3. Major PS-OFDM Design Frameworks and Optimization Methods
3.1 Windowing and Overlap-Add
Windowed overlap-add approaches (e.g., raised-cosine, vestigial symmetry, asymmetric windows) suppress OOBE by smoothing the transitions at OFDM symbol edges (Nguyen et al., 2017). The roll-off duration is typically limited to the CP length to prevent ISI, and asymmetric or vestigial symmetry windowing can further improve spectral performance without ISI penalties (Nguyen et al., 2017).
3.2 Time and Frequency-Domain Spectral Shaping
Generalized pulses are constructed as linear combinations of the standard pulses, active interference cancellation (AIC) carriers, and adaptive symbol transition (AST) pulses. Data-independent quadratic programs allow for offline design, yielding analytically closed-form PSDs and transparent integration in OFDM transceivers (DÃez et al., 2018, Giménez et al., 30 Dec 2025). With the use of Hermitian-symmetric or half-complex pulse designs, the number of real optimization variables and implementation multiplications is halved, achieving identical spectral performance at markedly reduced computational cost (Giménez et al., 5 Nov 2025).
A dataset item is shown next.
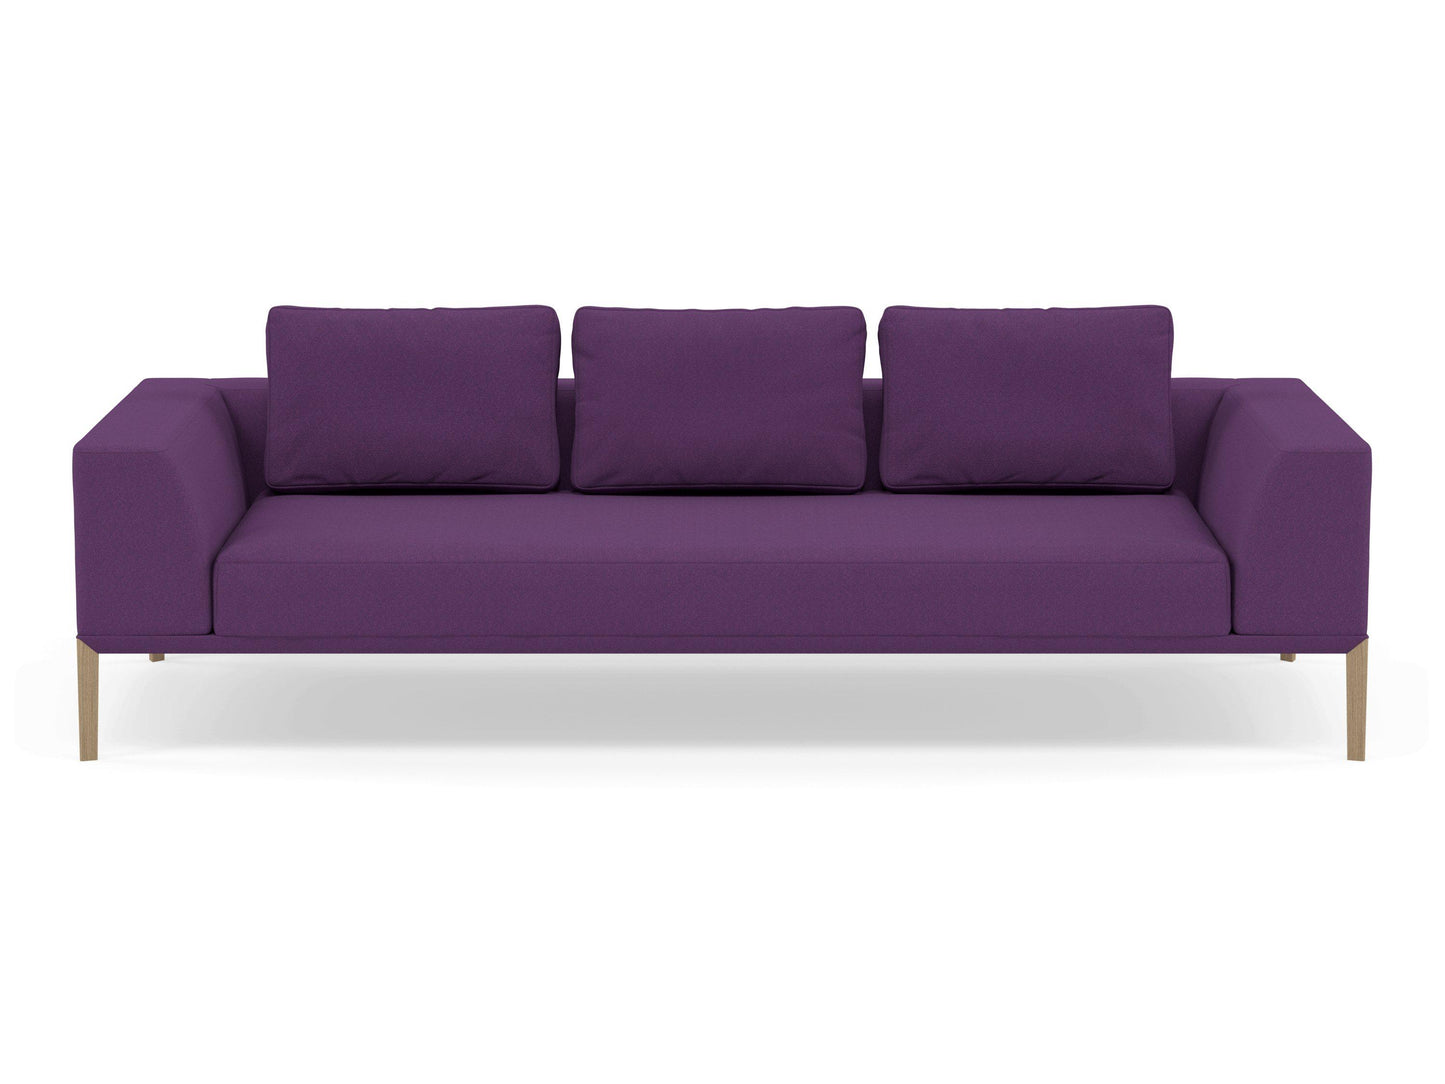 Modern 3 Seater Sofa with Armrests in Deep Purple Fabric for lounge, hotel, bar, restaurant-Natural Oak-Distinct Designs (London) Ltd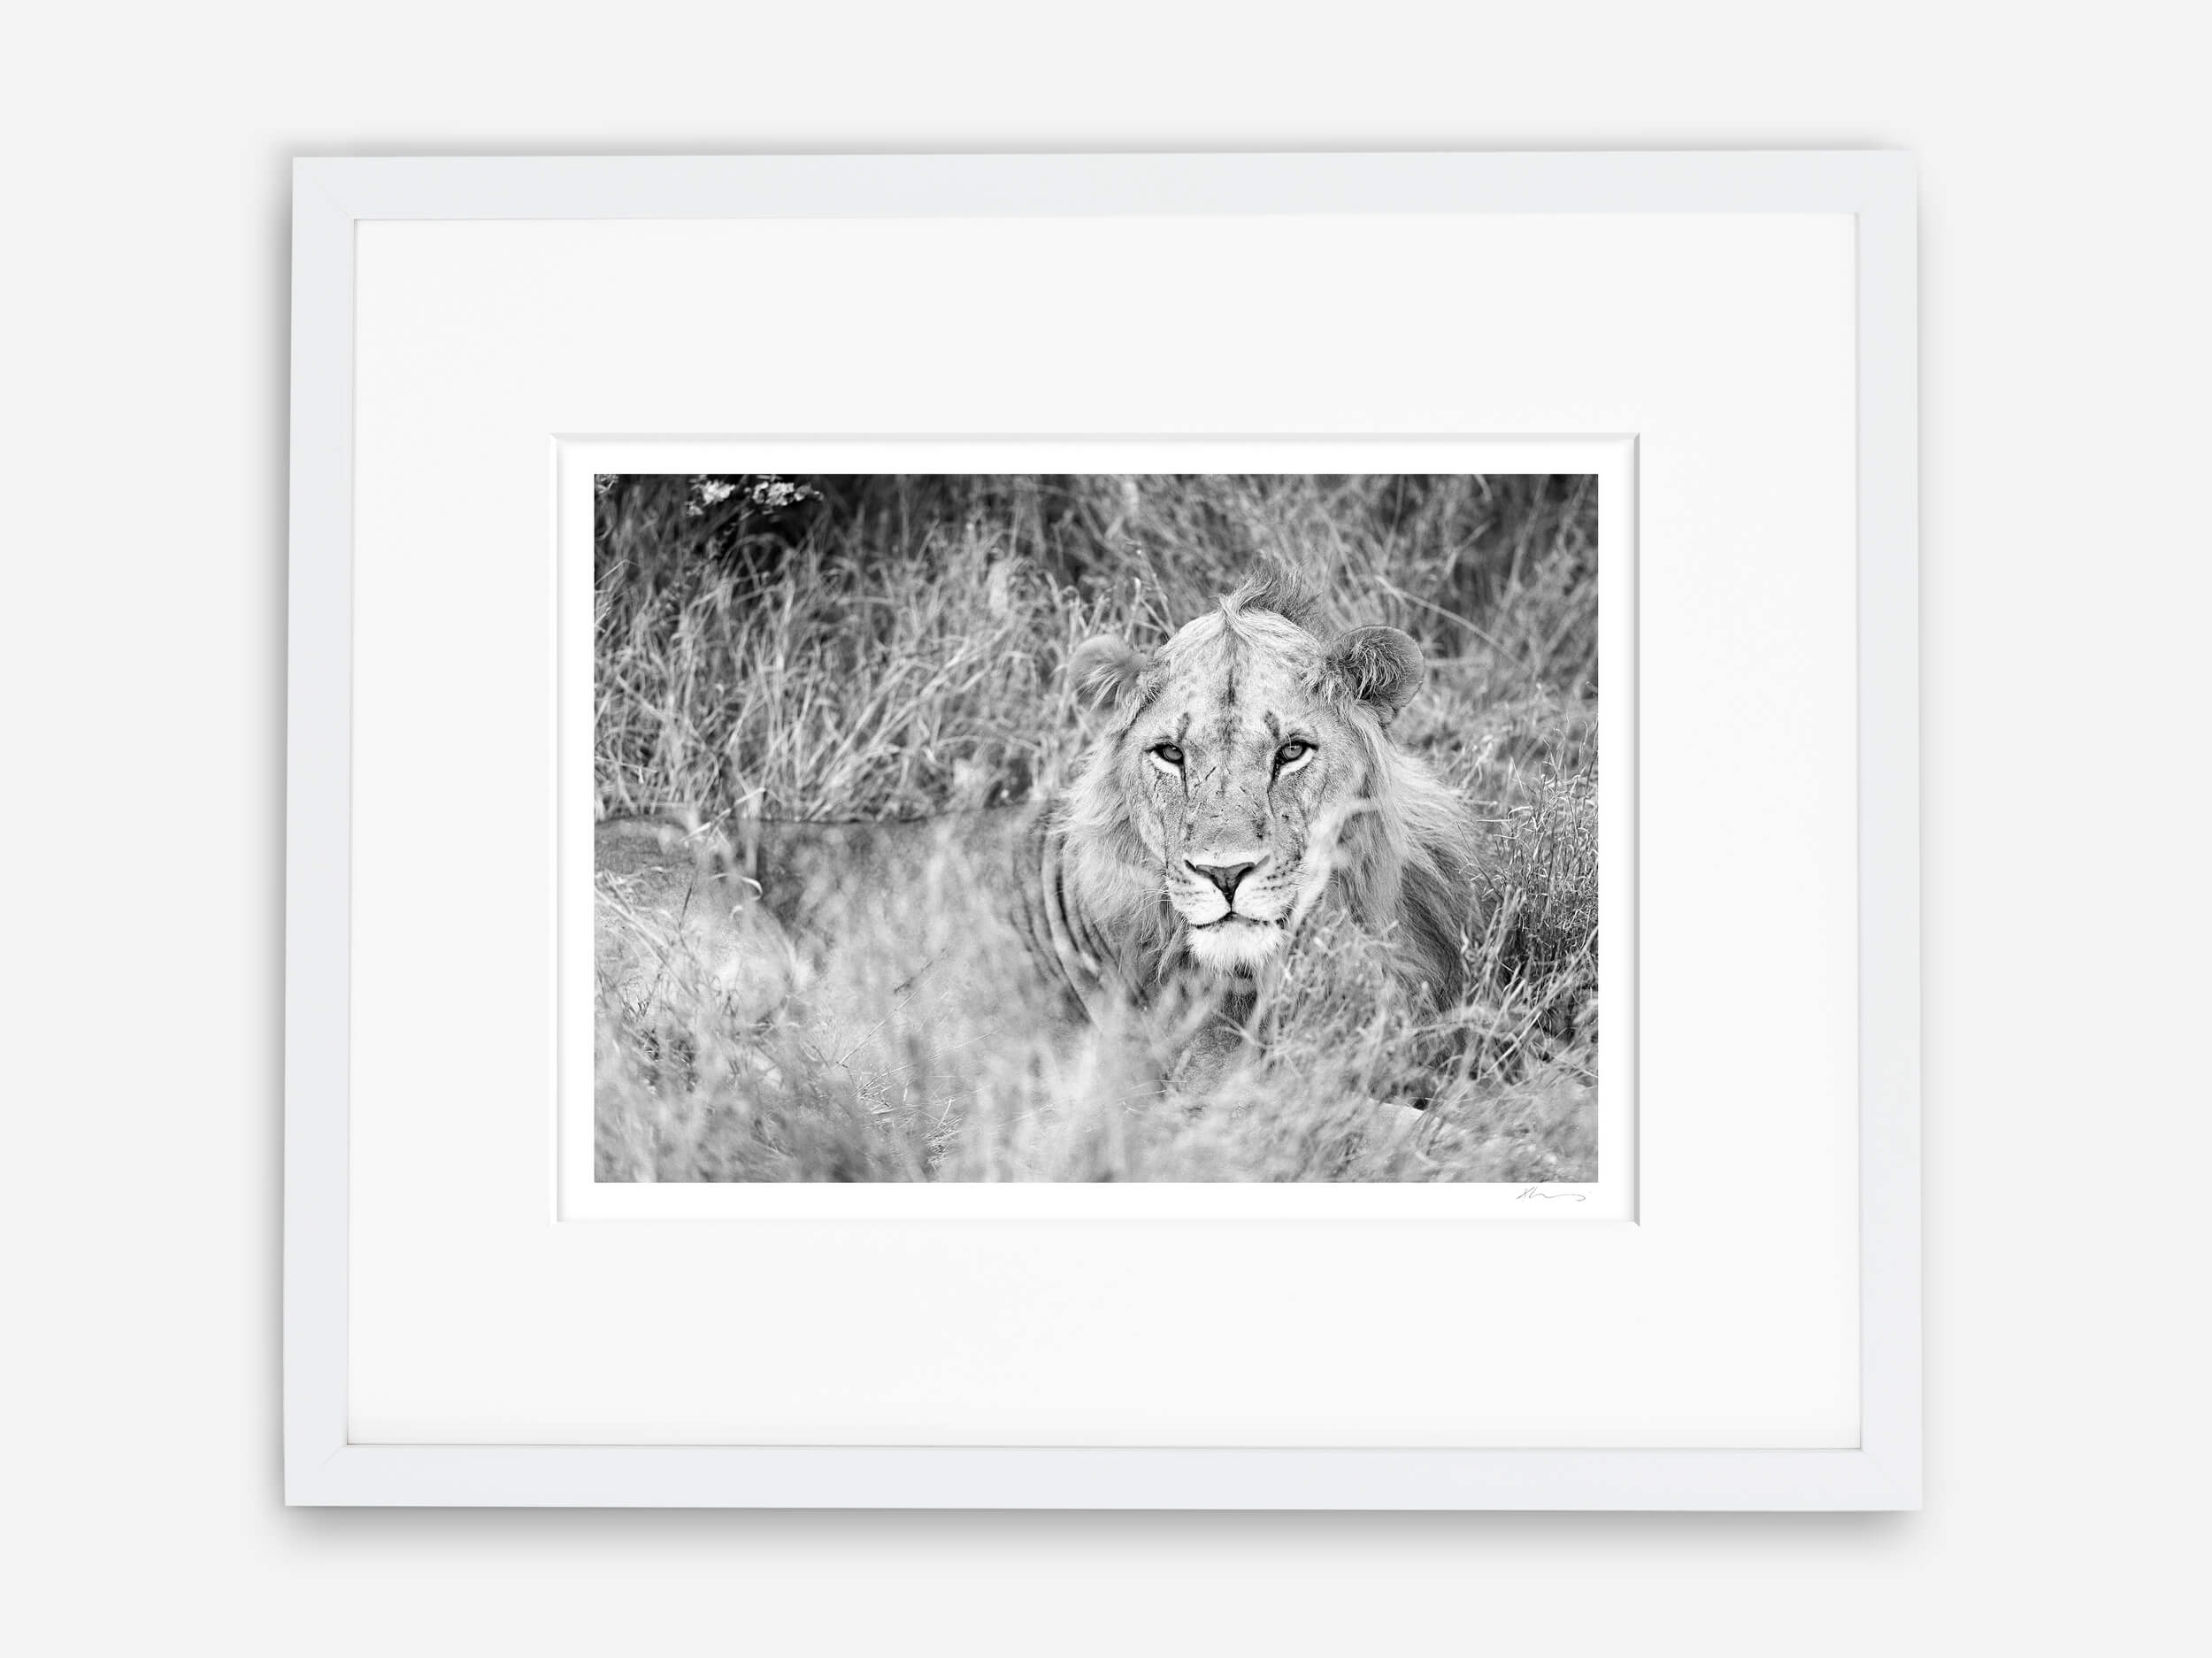 Framed fine art print of African lion does business for good at Render Loyalty

3.3 Circular/DFT-spread and Learned Shaping
Circular pulse shaping (CPS-OFDM) and DFT-s-OFDM with frequency-domain spectrum shaping (FDSS) introduce subband DFT-based precoding structures or parametric frequency-domain masks. These architectures enable joint minimization of PAPR/CM, OOBE, and error metrics under energy, spectral flatness, and zero-ISI constraints. Learning-based design (e.g., gradient-based optimization of frequency-domain polynomials) further adapts to changing system or mask parameters and facilitates flexible resampling or retraining for different bandwidth allocations (Carpi et al., 2024, Huang et al., 2018, Huang et al., 2018).
3.4 SINR-Optimal "Ping-Pong" Optimization
POPS-OFDM (Ping-Pong Optimized Pulse Shaping OFDM) alternates the design of transmit and receive pulses by maximizing SINR over actual time-frequency dispersive channel models. Each step solves a generalized Rayleigh quotient eigenproblem, converging to bi-orthogonal pulse pairs with high SIR and low OOB emissions across realistic channel conditions (Hraiech et al., 2015).
4. Regulatory and System-Level Constraints
PS-OFDM finds strong justification in environments with stringent spectrum emission requirements (e.g., PLC, TV white space, cognitive radio). Detailed analyses of EMC masks (e.g., EN 50065, EN 50561-1) and power spectral density measurement procedures demonstrate PS-OFDM's efficacy in broadband/narrowband PLC and its centrality in IEEE P1901/1901.2 standards (Girotto et al., 2016).
PS-OFDM methods such as active interference cancellation, adaptive symbol transition, multi-carrier spectral notching, and joint time-frequency shaping are pivotal to achieving deep spectral notches (≥40–60 dB OOB suppression), minimal data carrier loss, and full compliance under noncontiguous and dynamically variable mask profiles (DÃez et al., 2018, Giménez et al., 30 Dec 2025).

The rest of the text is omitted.